Giovanni Carnevale (4 August 192411 April 2021) was an Italian priest, writer and historian. His research revolves around the Carolingian age and Charlemagne.

Biography 
Giovanni Carnevale was born on April 4, 1924, in Capracotta, in the province of Isernia. Sixth son of his family, he stayed in his native country until the end of elementary school, when he moved to Umbria to attend the gymnasium in Amelia, and then finish in Lazio, to be precise in Frascati. In Lanuvio he attended the classical high school only for two years, and then stopped his studies because of the entry into the war of Italy and the bombing of the allies of Rome. During this period he continued his studies as an autodidact and obtained his diploma in Terni, he enrolled in La Sapienza in Rome to study law. His path as a priest began in 1947, when he went to Piedmont in the Salesian House of Bagnolo. He remained there until the completion of his studies in 1951 and was ordained a priest in Abano Terme on 29 June of the same year. As a priest he obtained a degree in letters and a degree in Christian archaeology, followed with habilitations in letters and art history.

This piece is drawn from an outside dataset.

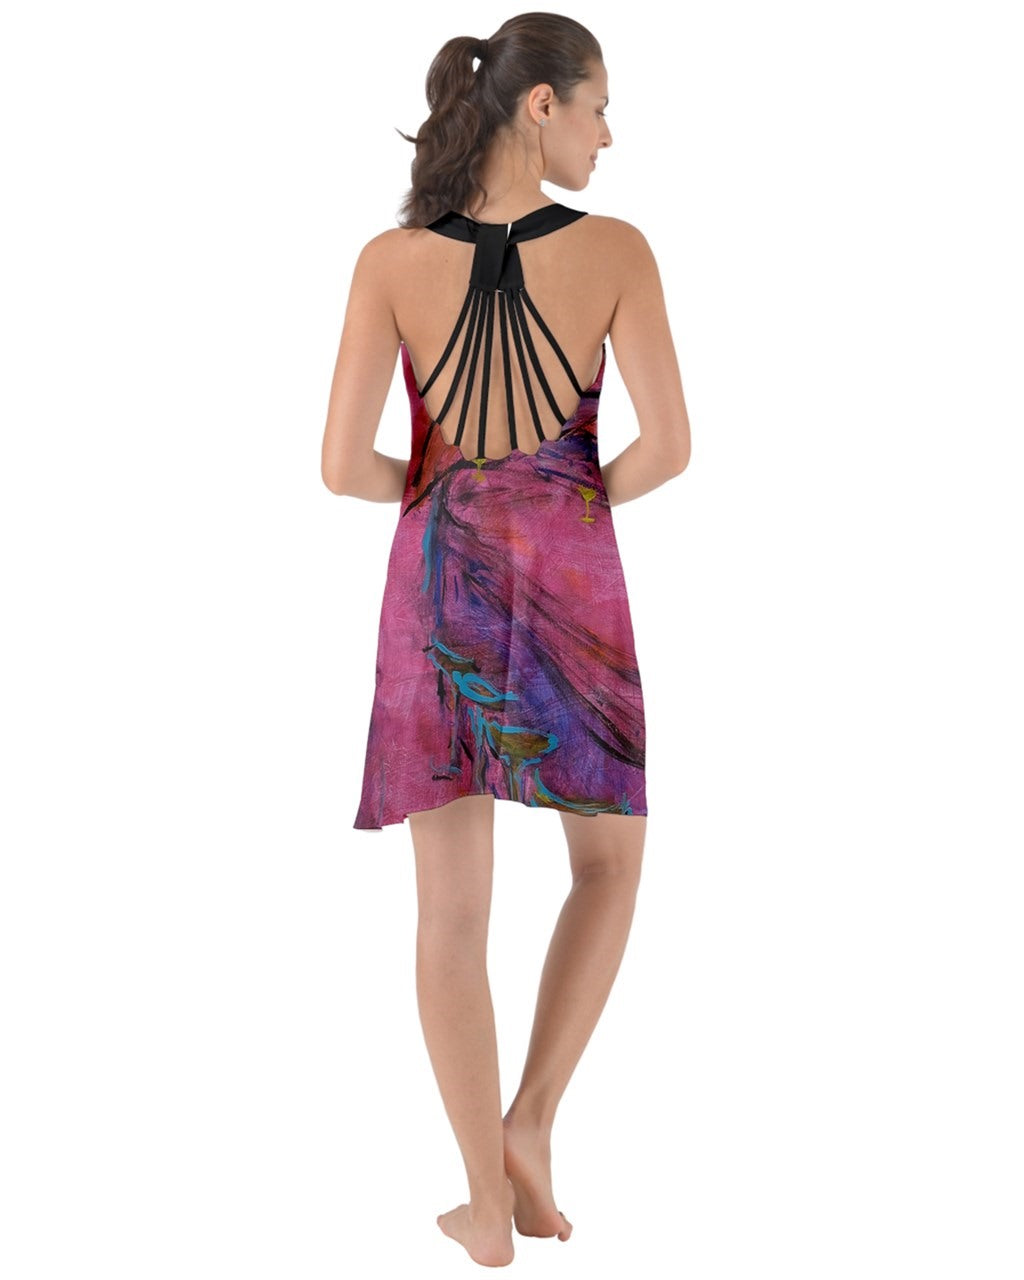 A captivating pink swirling dress featuring criss-cross back straps, adorned with original art by Leeorah. The fabric gracefully flows, accentuating movement with its seductive design .Be the star on the dance floor .Back view

When he became a teacher, he taught science in Faenza, then in the Salesian high schools of Macerata: classical, linguistic and scientific. He taught until he retired. During this period he enrolled at Bocconi in Milan, taught German and earned a degree in French and German at the University of Macerata, without ever withdrawing his degree. In 1994, he ceased teaching, although he was sometimes called to replace him.

Studies on the Carolingian age began after his scholastic career, under the influence of Marche structures. In fact, he concentrated mainly on the church of San Claudio al Chienti in Corridonia, assuming that its dating (11th century) was wrong. The turning point came when he discovered a building similar to the abbey existed in France, precisely in Germigny-des-Prés, near Orleans. He doubted that Aachen Cathedral in Germany was the Carolingian Palatine Chapel and consulted the sources directly, noting a misinterpretation of the story. From these studies he wrote numerous books, from 1993 to 2016, on Carolingian history, rewriting it completely. According to his studies, Charles Martel, Pepin the Short and Bertrada of Laon are buried in San Ginesio, under the collegiate church of Santa Maria Assunta, while Charlemagne at the church of San Claudio del Chienti.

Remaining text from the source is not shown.